§ **EXERCISE BRIEF**: Up to and including the line with "Get 15% Off", reproduce the listing below exactly, beginning at its first line.

PROVIDED DATA Start Marker

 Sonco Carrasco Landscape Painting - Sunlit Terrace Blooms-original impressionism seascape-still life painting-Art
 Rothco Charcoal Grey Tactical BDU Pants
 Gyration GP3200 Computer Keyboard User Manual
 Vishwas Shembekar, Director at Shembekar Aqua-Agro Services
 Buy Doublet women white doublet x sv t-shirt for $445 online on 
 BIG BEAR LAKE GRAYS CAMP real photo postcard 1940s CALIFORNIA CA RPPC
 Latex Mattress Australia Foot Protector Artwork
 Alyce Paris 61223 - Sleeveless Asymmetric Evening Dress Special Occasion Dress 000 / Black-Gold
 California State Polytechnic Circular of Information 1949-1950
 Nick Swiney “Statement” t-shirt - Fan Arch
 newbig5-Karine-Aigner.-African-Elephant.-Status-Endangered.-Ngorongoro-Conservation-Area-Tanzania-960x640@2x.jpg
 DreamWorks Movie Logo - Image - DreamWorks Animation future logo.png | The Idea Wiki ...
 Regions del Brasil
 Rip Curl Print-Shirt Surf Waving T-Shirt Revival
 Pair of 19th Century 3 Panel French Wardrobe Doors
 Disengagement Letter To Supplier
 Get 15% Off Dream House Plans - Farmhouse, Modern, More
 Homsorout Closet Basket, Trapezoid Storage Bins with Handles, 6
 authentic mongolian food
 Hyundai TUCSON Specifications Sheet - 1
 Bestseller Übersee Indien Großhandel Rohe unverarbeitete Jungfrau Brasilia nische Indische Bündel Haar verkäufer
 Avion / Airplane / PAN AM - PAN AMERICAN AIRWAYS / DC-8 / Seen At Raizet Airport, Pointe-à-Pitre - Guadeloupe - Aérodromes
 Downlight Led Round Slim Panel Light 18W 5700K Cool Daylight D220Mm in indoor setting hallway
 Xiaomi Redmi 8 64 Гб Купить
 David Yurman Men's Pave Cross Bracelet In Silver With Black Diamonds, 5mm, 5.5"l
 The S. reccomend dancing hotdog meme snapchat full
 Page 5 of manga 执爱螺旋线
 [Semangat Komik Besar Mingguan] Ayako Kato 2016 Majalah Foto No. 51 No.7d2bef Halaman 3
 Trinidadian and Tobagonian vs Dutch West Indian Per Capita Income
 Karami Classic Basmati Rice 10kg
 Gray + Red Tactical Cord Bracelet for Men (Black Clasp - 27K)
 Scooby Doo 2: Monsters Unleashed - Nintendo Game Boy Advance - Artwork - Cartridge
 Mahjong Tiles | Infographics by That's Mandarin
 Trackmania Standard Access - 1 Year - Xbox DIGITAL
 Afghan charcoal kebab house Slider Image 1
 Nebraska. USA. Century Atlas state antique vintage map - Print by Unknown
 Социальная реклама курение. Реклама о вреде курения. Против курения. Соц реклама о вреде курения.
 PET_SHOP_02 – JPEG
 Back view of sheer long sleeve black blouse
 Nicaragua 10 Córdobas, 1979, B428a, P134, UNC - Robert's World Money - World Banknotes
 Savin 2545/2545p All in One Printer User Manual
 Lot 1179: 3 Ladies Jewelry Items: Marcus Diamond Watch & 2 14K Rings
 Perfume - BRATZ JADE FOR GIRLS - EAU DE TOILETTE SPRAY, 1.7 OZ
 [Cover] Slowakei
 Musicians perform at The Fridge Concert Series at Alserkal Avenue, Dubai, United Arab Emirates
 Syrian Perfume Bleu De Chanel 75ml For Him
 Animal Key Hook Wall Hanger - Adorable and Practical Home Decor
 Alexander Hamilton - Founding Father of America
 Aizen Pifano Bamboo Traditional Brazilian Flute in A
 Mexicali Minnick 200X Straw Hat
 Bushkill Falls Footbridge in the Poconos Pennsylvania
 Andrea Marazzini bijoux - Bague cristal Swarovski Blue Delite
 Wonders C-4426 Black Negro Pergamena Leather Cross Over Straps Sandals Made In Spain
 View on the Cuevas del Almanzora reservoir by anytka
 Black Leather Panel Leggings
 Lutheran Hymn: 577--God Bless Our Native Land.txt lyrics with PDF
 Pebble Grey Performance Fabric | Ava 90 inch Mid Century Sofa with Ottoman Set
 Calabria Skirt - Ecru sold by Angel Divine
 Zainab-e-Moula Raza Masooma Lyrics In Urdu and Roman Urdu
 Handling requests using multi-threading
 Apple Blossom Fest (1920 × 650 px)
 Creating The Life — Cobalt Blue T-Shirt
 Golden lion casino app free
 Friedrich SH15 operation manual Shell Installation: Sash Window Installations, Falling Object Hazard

PROVIDED DATA End Marker

§ **RESULT OF THE EXERCISE**:
 Sonco Carrasco Landscape Painting - Sunlit Terrace Blooms-original impressionism seascape-still life painting-Art
 Rothco Charcoal Grey Tactical BDU Pants
 Gyration GP3200 Computer Keyboard User Manual
 Vishwas Shembekar, Director at Shembekar Aqua-Agro Services
 Buy Doublet women white doublet x sv t-shirt for $445 online on 
 BIG BEAR LAKE GRAYS CAMP real photo postcard 1940s CALIFORNIA CA RPPC
 Latex Mattress Australia Foot Protector Artwork
 Alyce Paris 61223 - Sleeveless Asymmetric Evening Dress Special Occasion Dress 000 / Black-Gold
 California State Polytechnic Circular of Information 1949-1950
 Nick Swiney “Statement” t-shirt - Fan Arch
 newbig5-Karine-Aigner.-African-Elephant.-Status-Endangered.-Ngorongoro-Conservation-Area-Tanzania-960x640@2x.jpg
 DreamWorks Movie Logo - Image - DreamWorks Animation future logo.png | The Idea Wiki ...
 Regions del Brasil
 Rip Curl Print-Shirt Surf Waving T-Shirt Revival
 Pair of 19th Century 3 Panel French Wardrobe Doors
 Disengagement Letter To Supplier
 Get 15% Off Dream House Plans - Farmhouse, Modern, More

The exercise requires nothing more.